The suspect in a car crash that killed five children wanted to kill himself and deliberately targeted a crowd walking outside an elementary school in northeastern China, officials said yesterday, in what appeared to be the latest in a pattern of vehicle attacks.
The 29-year-old driver is an introvert and wanted to kill himself, because he was having an argument with his wife, according to a Jianchang County statement that an official read over the telephone to reporters.
The suspect was identified only by his surname, Han.
Security camera footage of Thursday’s attack showed a vehicle swerving into children who had almost finished crossing a street in front of their school before driving off.
In addition to the dead, 19 people were injured, three of them seriously, the statement said, adding that most of the victims were between five and seven years old.
The school is in the city of Huludao in Liaoning Province.

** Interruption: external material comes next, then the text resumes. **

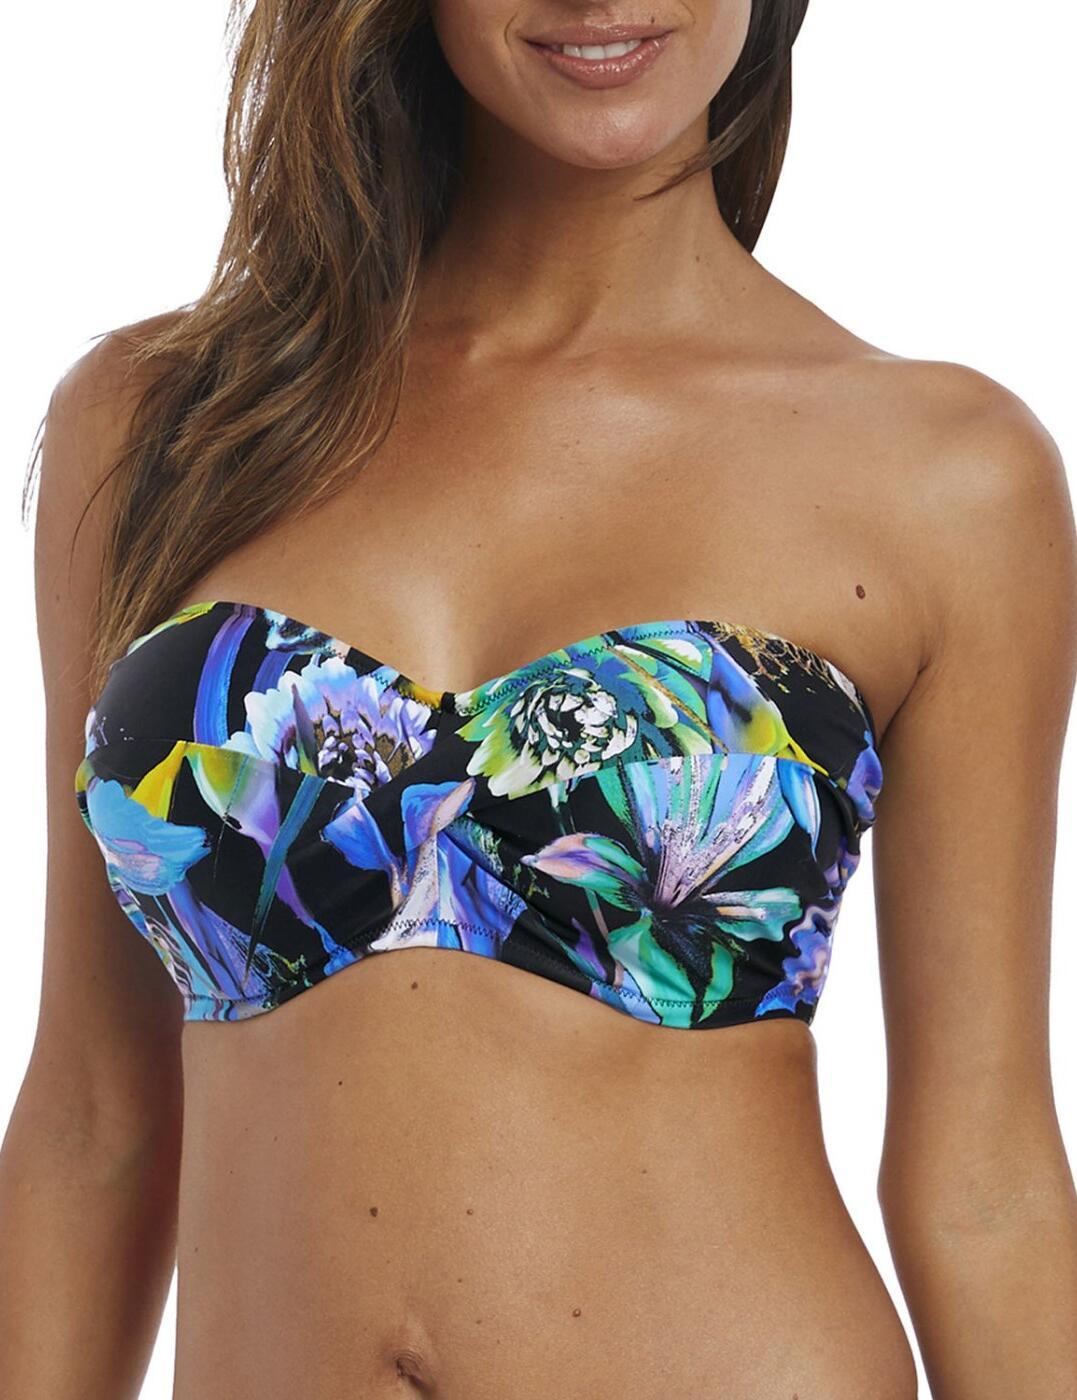 6476 Fantasie Paradise Bay Twist Bandeau Bikini Top - 6476 Aqua Multi

The driver was arrested shortly after the crash. Photographs posted online by police showed him being taken from his vehicle, which appeared to have crashed into a ditch, and being taken to a police station restrained by several officers.
He chose to target the children randomly, the statement said.
China has seen a series of attacks in which people described as mentally ill or alienated and angry have targeted pedestrians with vehicles.
Last month, a knife-wielding man drove a vehicle into a crowd in the eastern city of Ningbo, killing two people and wounding 16.
In September, 11 people were killed and 44 hospitalized after a man drove a sports utility vehicle into people at a plaza in the central Hunan Province then jumped out and attacked victims with a dagger and a shovel.
Other deadly attacks have occurred at or just outside schools, including several in 2010 in which a total of nearly 20 children were killed, prompting schools nationwide to beef up security.